どうしたいのか、なにをしてほしいのか自分でもよく分からなかった。
けれど、ひとつだけハッキリしていることは私が彼自身を強く求めているということだ。

「分かった。じゃあ、あとは全部俺に任せて気持ち良くなって」

ふっと微笑むと、彼は私の唇を奪った。
先程のような軽いキスではなく官能的な口付だった。そのキスでわずかに残っていた理性を失う。
私に合図を送るように、彼の舌が口の端を撫でる。薄く開いた唇の奥へとするりと舌が差し込まれた。

「実咲は甘いね」

彼がわずかに顔を離して、陶酔したような溜息を漏らす。その瞳には欲情の色が色濃く浮かび上がる。
息をする間もなく再び強く唇を押し付けられて、口腔に熱い舌が潜り込んでくる。
探るように歯列を辿りゆっくりと口蓋を舐めて舌を絡ませる。

「んんっ……」

彼は私の反応を試すように角度を変えて舌先で私を味わう。舌と舌が絡まり、くちゅっとみだらな音が私の羞恥心を煽る。
あまりに情熱的な口づけだった。身体から力が抜けていき、頭の中がぼおっとしてきた。
どうしたらいいのかわからず彼の舌を自分の舌で必死に受け止める。

「よかった。実咲もその気になってくれたんだね」
「やっ……」

気持ちを見透かされて恥じる私に彼は優しい眼差しを向ける。
そっと頭を撫でてから、彼は私の白いブラウスのボタンに手をかけた。
唇に情熱的なキスを落しながら、ひとつずつゆっくりと外され心臓が激しく暴れ回る。
すべてのボタンが外されると、グレージュの下着が露になった。
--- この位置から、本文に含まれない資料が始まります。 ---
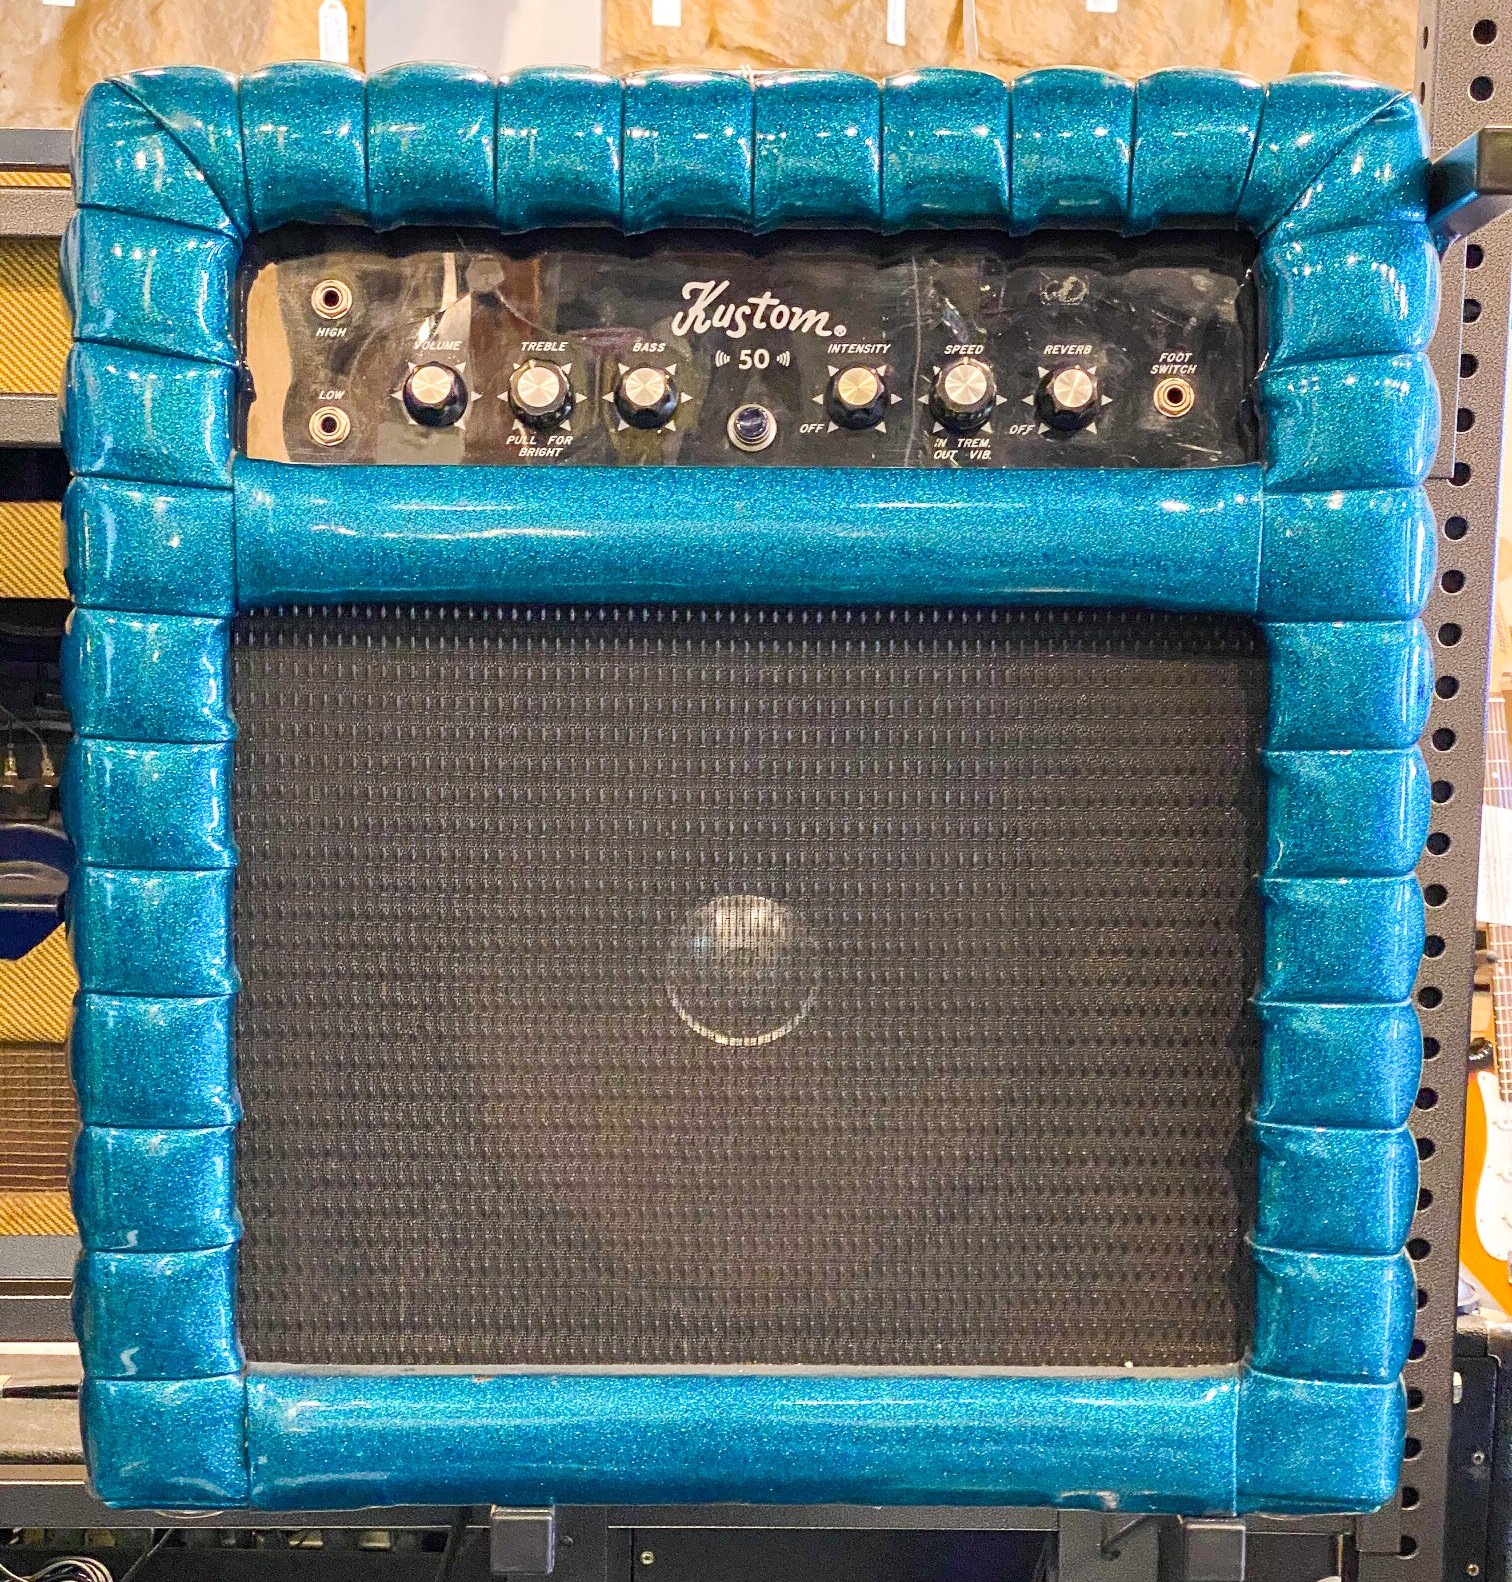 Vintage Kustom K50-2 combo amp

レースがふんだんにあしらわれたお気に入りだ。

「可愛い下着だね。良く似合ってる」

艶っぽい彼の声が落ちてくる。見上げると、その瞳は野性味を帯びていた。
器用にブラのホックを外され、胸元が露になる。
手で隠すと「ダメ」と阻止されてしまう。

「大きいね。実咲は着痩せするタイプなんだね」

彼の大きな手のひらが私の胸を覆い、優しく揉みしだく。その刺激で胸の頂きがチリチリ疼いた。

「あぁっ……」

胸を揉みながら、彼が私の耳朶をやわらかい唇で食む。
一度耳朶から離れた唇が首筋へと移動する。吸い上げられたり、舌で舐め上げたり変化をつけて私を刺激する。

「やっ……あっ」

私の胸を揉みしだく彼の手の動きがさらに淫らなものににある。大きな手で優しく撫でまわされる。
すると、痛いほどにツンッと尖った先端の彼の指先がわずかに擦れた。

「ああんっ!」

今まで感じたことのない歓喜が全身に駆け巡る。
ジンジンッと疼くソコを彼は指の腹で触れるか触れないかの力で擦った。
触れられているのは胸なのに、下っ腹の奥がじわじわと熱くなってくる。
すると、彼は唐突に固くなった頂きをキュッと指で優しく摘みこりこりと回される。

「あっ……あぁ……」

甘い刺激に腰が跳ね、悩ましい鼻声が漏れる。